I recently needed to call a command whenever there was a push on my Github repo. Since this was related to AWS tasks, I figured aws lambda is a good candidate. Here I will talk about the steps I took to enable all of this using aws lambda, python. As a side note, I will also elaborate on using API gateway to call upon the lambda itself.

In a nutshell, what I will talk about:

  • Create SNS Topic
  • Create IAM user who can Publish
  • Setup GitHub webhook
  • Create Lambda function
  • Setup API Gateway url that can call lambda function

Create SNS Topic

Go to AWS Console and click on Create Topic.

Creating an API

Creating an API

Note down the ARN because you will need that. In my case it is something like arn:aws:sns:ap-northeast-1:XXXXXXXXXXXX:commits_1

Create IAM user

We need to setup an IAM user who can publish onto this SNS we just created. As a shortcut you can just create a simple user and initialize it with full access rights for testing purposes.

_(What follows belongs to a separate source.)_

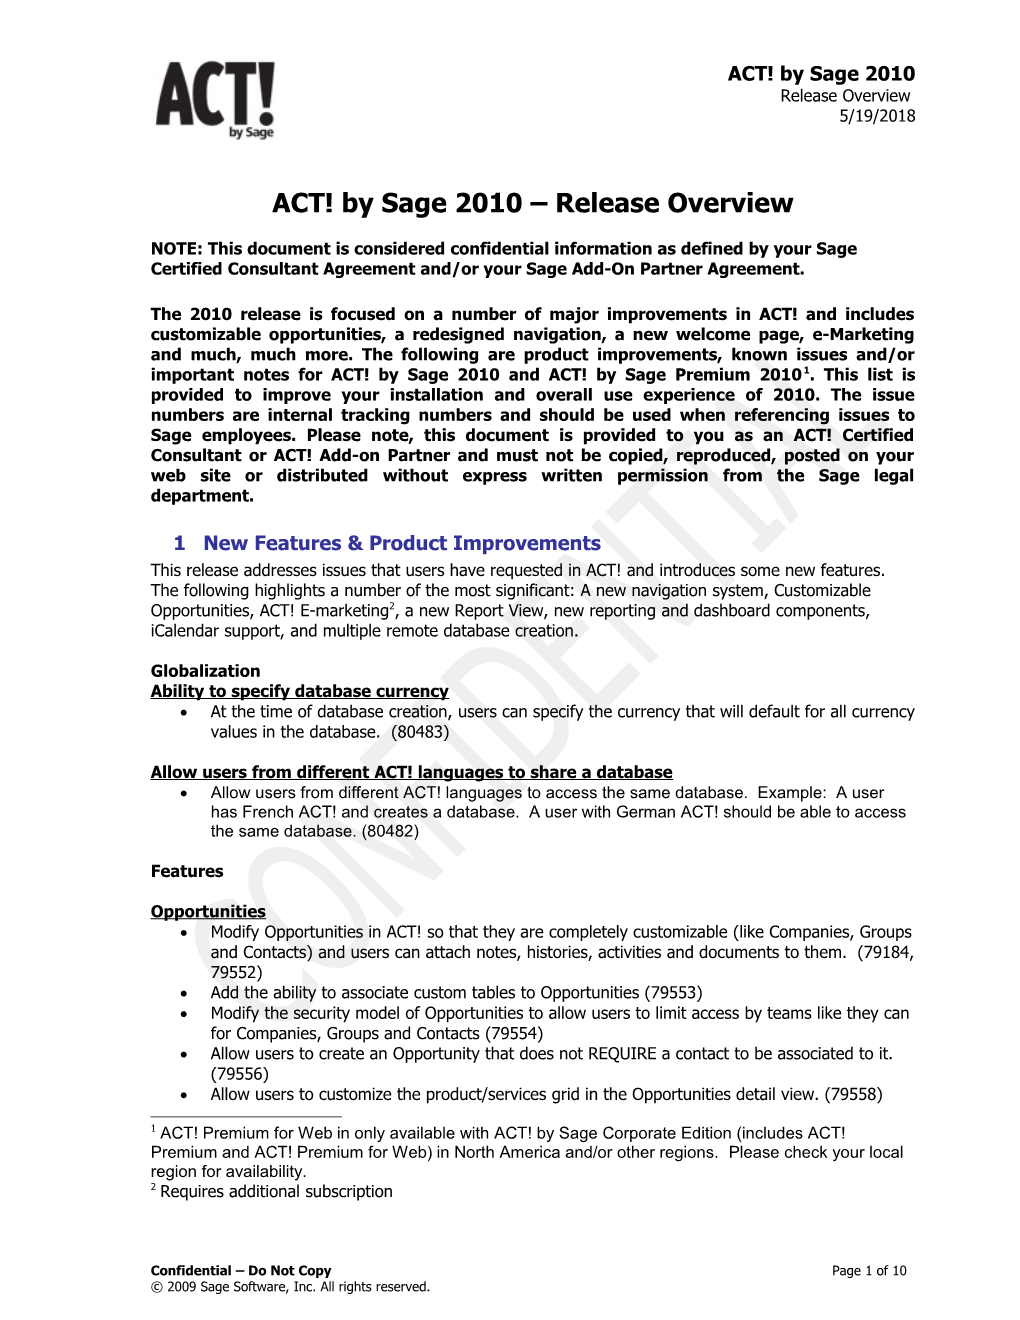 ACT! by Sage 2007 (9.0.1) Release Notes
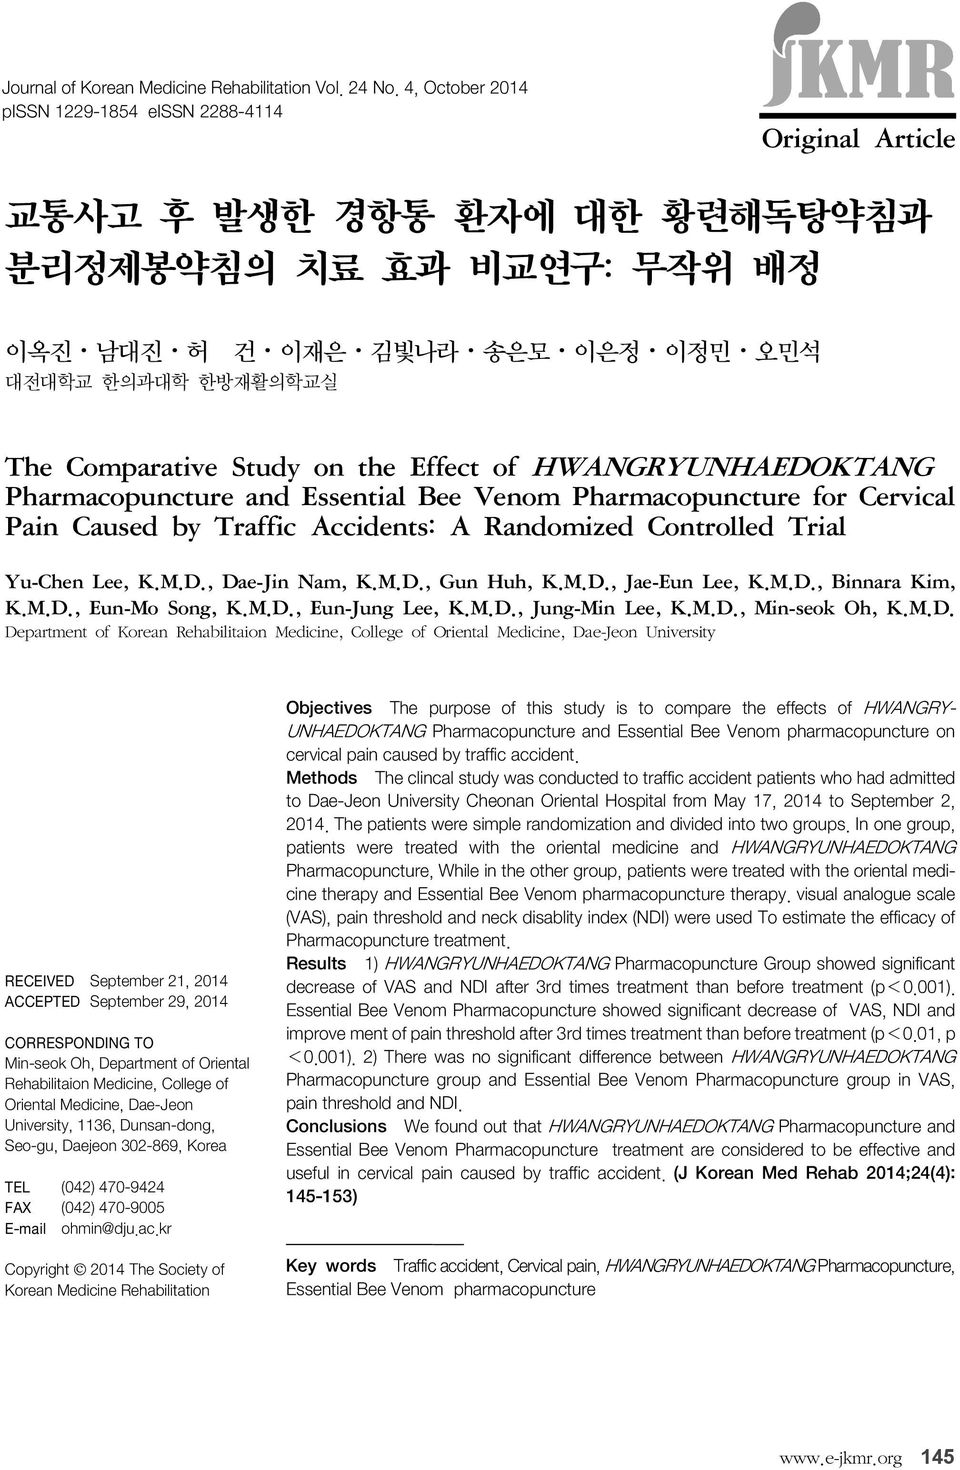 Study on the Effect of HWANGRYUNHAEDOKTANG Pharmacopuncture and Essential Bee Venom Pharmacopuncture for Cervical Pain Caused by Traffic Accidents: A Randomized Controlled Trial Yu-Chen Lee, K.M.D., Dae-Jin Nam, K.

Once on IAM page click on “Create New Users” button at the top.

Creating new IAM user

Creating new IAM user

It will then allow you to download credentials if you want

Creating new IAM user

Creating new IAM user

Add permissions

Once an IAM user is created, by default there are no permissions attached to the account. You can add permissions by going to permissions tab and clicking on “Attach Policy” button.

Attach Policy

Attach Policy

Setup GitHub webhook

We need to assign a webhook for each Git commit. So let’s do the following:

  • Navigate to your GitHub repo
  • Click on “Settings” in the sidebar of that repo
    • It has to be an actual repo settings, not profile settings
  • Click on “Webhooks & Services”
  • Click the “Add service” dropdown, then click “AmazonSNS”
    • You will need the account details for the IAM user you just created
    • The trigger will be delegated through this given IAM user

Add SNS Webhook

Add Account details from IAM user

Create Lambda function

Now that we have creater a user, assigned a trigger on Github, we need to create a function that will be run on an actual trigger. Let’s create a lambda function by going to AWS Lambda and clicking on “Create a Lambda Function”.

Filter by SNS in the given samples because we want to see SNS functions.

Ensure that you select your SNS as the event source.

Create a Lambda function with the following code:

import json
print('Loading function')

def lambda_handler(event, context):
    print("Received event: " + json.dumps(event, indent=2))
    message = event['Records'][0]['Sns']['Message']
    print("From SNS: " + message)
    return message
Python code

Python code

Testing the setup so far

Testing GitHub webhook

Now that we have setup Lambda, SNS, and Github so far, it is time to test the setup.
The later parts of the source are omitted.